Déjà, pour commencer, il faut savoir que le film regorge de filles toutes plus attirantes les unes que les autres. Chacune possède une plastique superbe et porte coiffure et maquillage à la mode désuète mais attendrissante des années 80 (une grande décennie, je vous le dis). En outre, elles nous offrent un échantillon de formes de poitrine tout à fait intéressant. Il faut savoir que la première chose que chacune de ces demoiselles fait au moment où elles apparaissent pour la première fois devant la caméra est de se déshabiller. Certes, les prétextes pour arriver au déballage ne sont pas toujours très opportuns.

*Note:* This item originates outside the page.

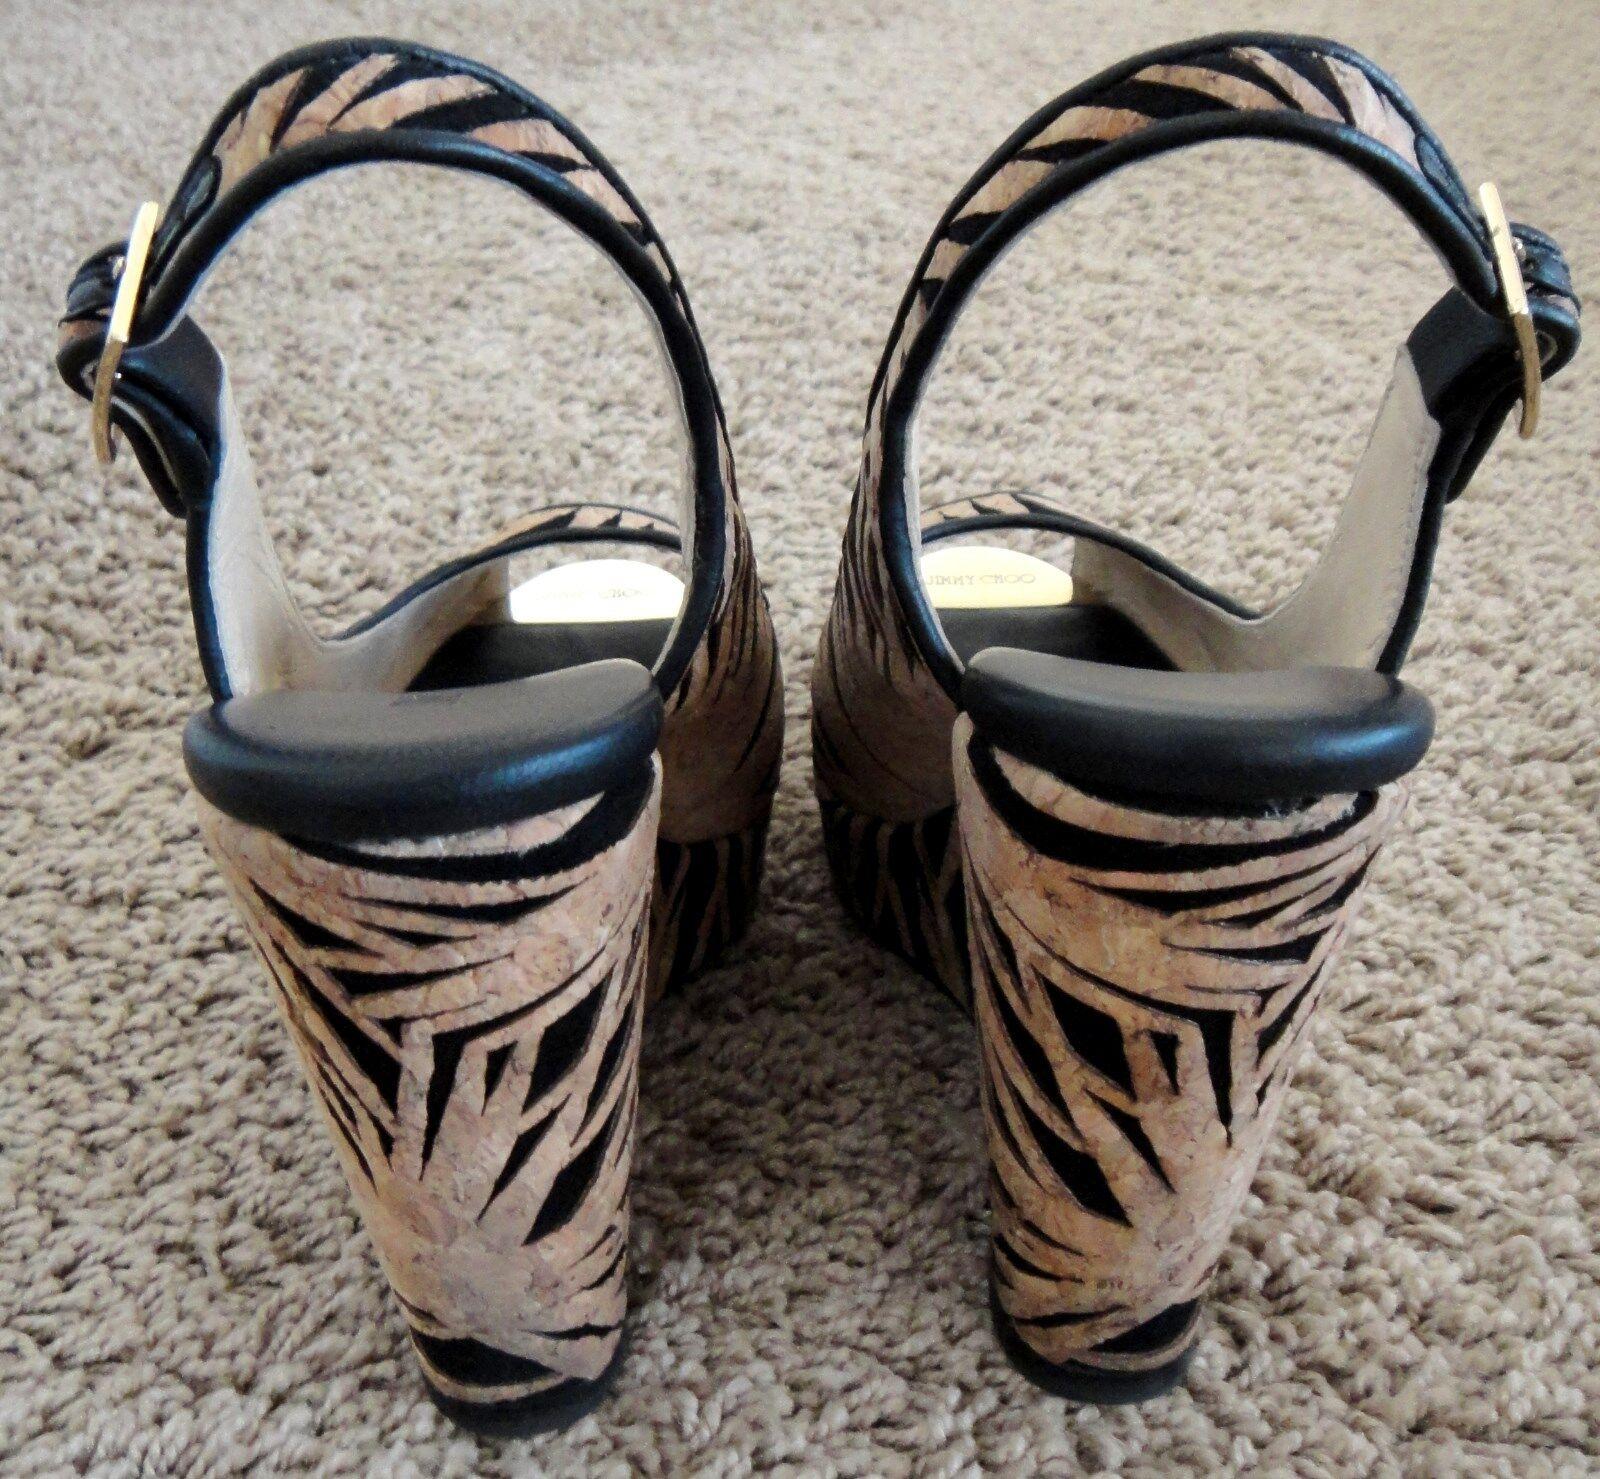 Jimmy Choo black tan laser cut cork suede slingback platform platform platform wedge heels 36 bdcec2
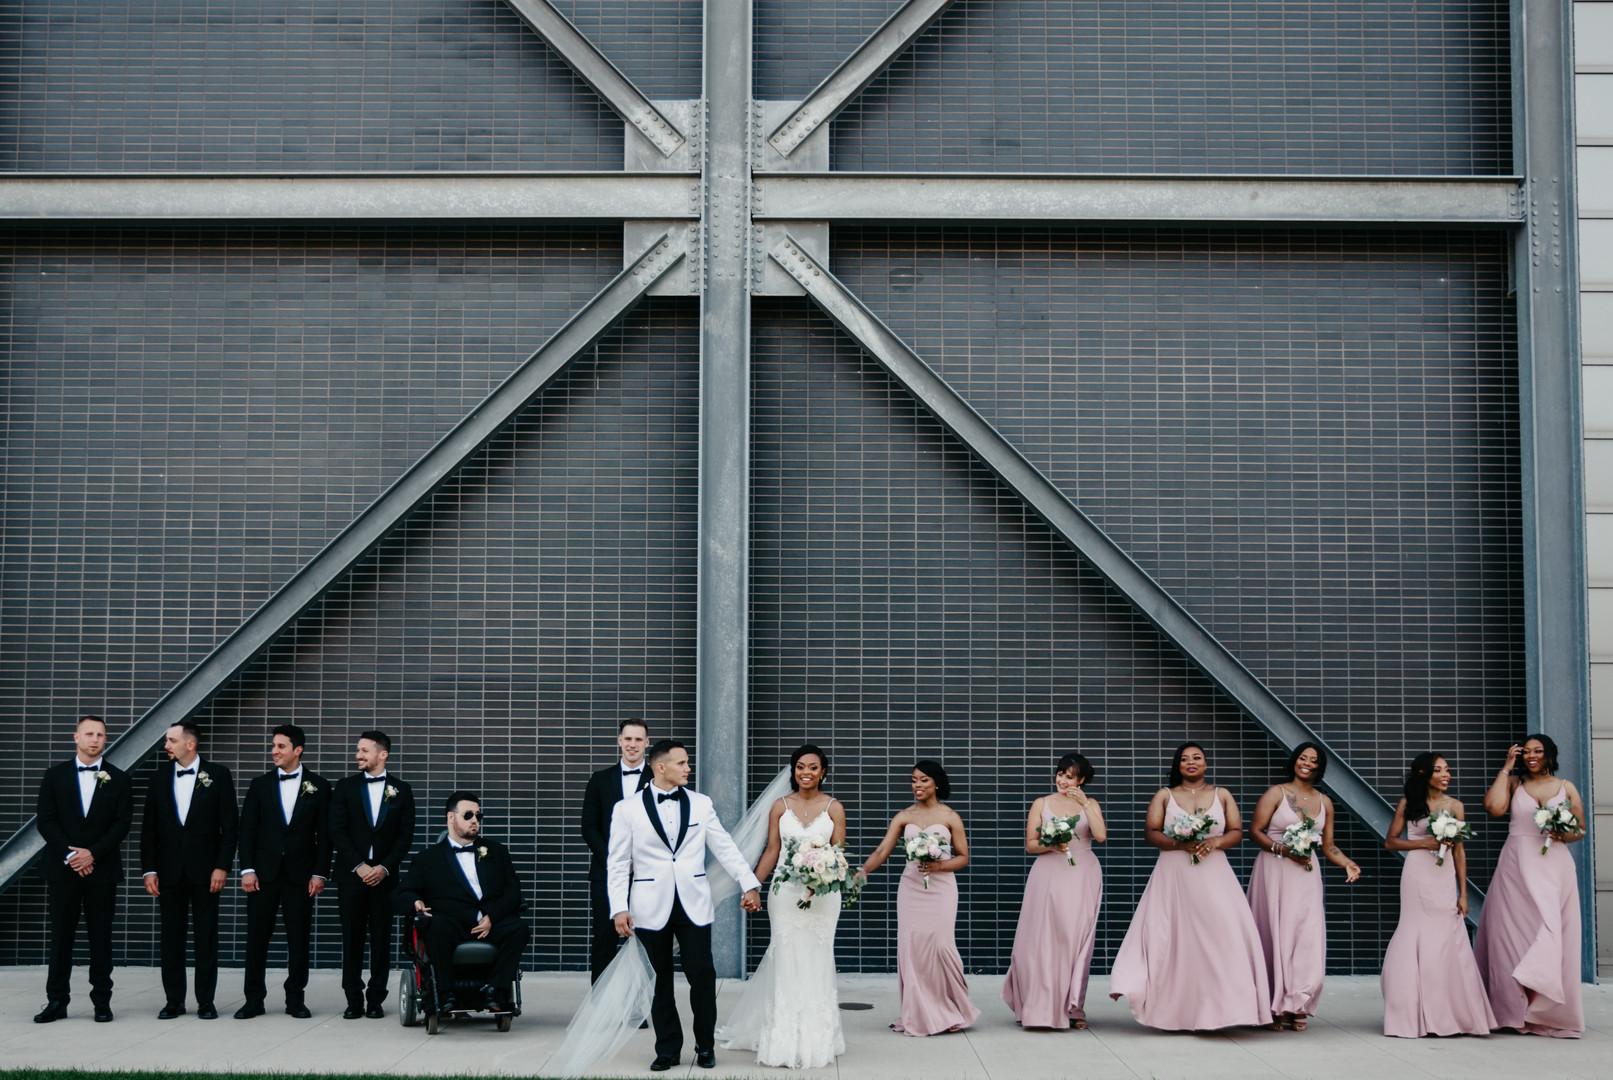 VillarrealProspere_Villarreal_MariaCampbellPhotography_WeddingParty2of48_big.jpg

Ils sont même parfois particuliè{Photo 2 de Breeders} rement risibles. J'adore la toute première scène de ce type, où la jeune femme s'envoie de la cocaïne (ou de l'héroïne, je sais jamais) dans les narines avant de se déshabiller pour faire de l'aérobic complètement nue devant la grande baie vitrée. Il y a aussi ce moment d'anthologie où une infirmière vierge et très vieux jeu (pas de coucherie avant le mariage !) rentre chez elle, prend la direction de la cuisine pour lancer sa popotte et finalement décide de se mettre à poil pour prendre un bain. On découvre alors que cette charmante jeune se trimballe en fait au boulot et dans la rue non seulement sans soutien-gorge, mais également sans culotte ! Ah, ben, j'étais choqué de voir tant de libertinage ! Bref, en ce qui concerne la chair fraîche, BREEDERS est en effet on ne peut plus généreux et on ne va certainement pas le lui reprocher !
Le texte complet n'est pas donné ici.